Cochlear nucleus small cells use olivocochlear collaterals to encode sounds in noise

Abstract

ABSTRACTUnderstanding communication signals, especially in noisy environments, is crucial to social interactions. Yet, as we age, acoustic signals can be disrupted by cochlear damage and the subsequent auditory nerve fiber degeneration. The most vulnerable—medium and high-threshold—auditory nerve fibers innervate various cell types in the cochlear nucleus, among which, the small cells are unique in receiving this input exclusively. Furthermore, small cells project to medial olivocochlear (MOC) neurons, which in turn send branched collaterals back into the SCC. Here, we use single-unit recordings to characterise small cell firing characteristics and demonstrate superior intensity coding in this cell class.

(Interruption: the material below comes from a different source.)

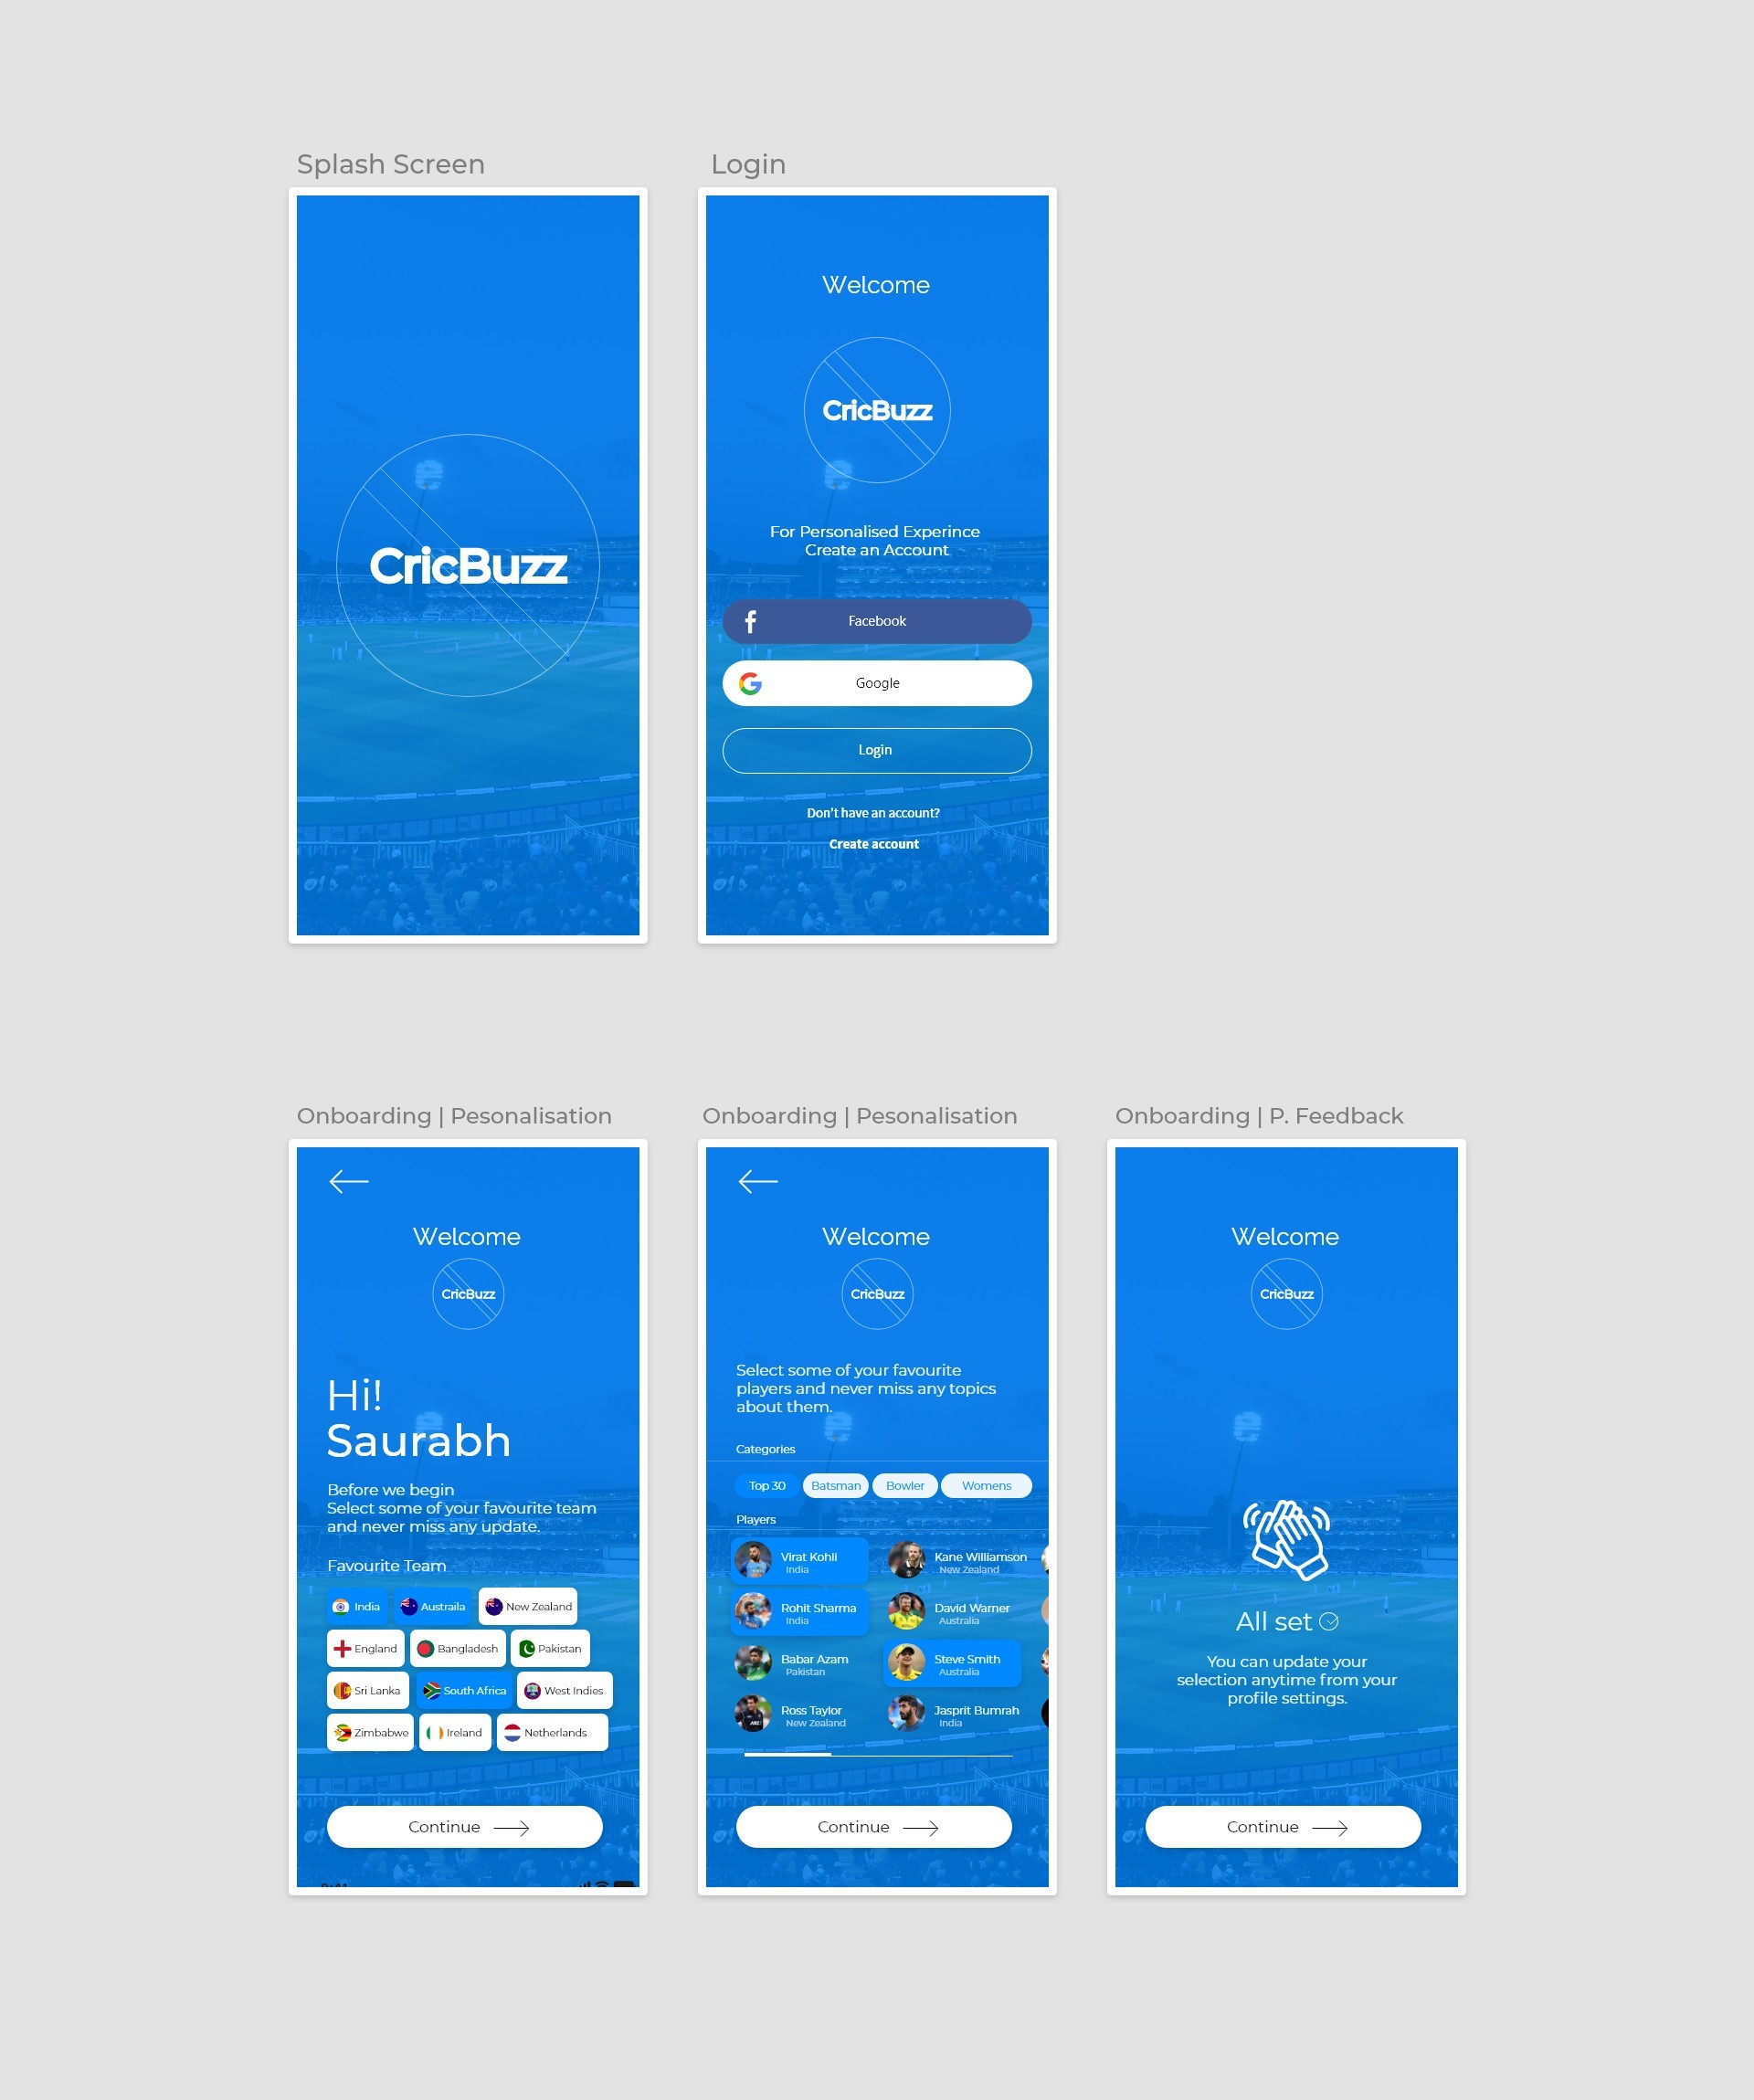 cricbuzz app redesign onboarding experience screen

We show converse effects when activating/blocking the MOC system, demonstrating that small-cell unique coding properties are facilitated by direct cholinergic input from the MOC system. Small cells also maintain tone-level coding in the presence of background noise. Finally, small cells precisely code low-frequency modulation more accurately than other ventral CN (VCN) cell types, demonstrating accurate envelope coding that may be important for vocalisation processing. These results highlight the small cell–olivocochlear circuit as a key player in signal processing in noisy environments, which may be selectively degraded in aging or after noise insult.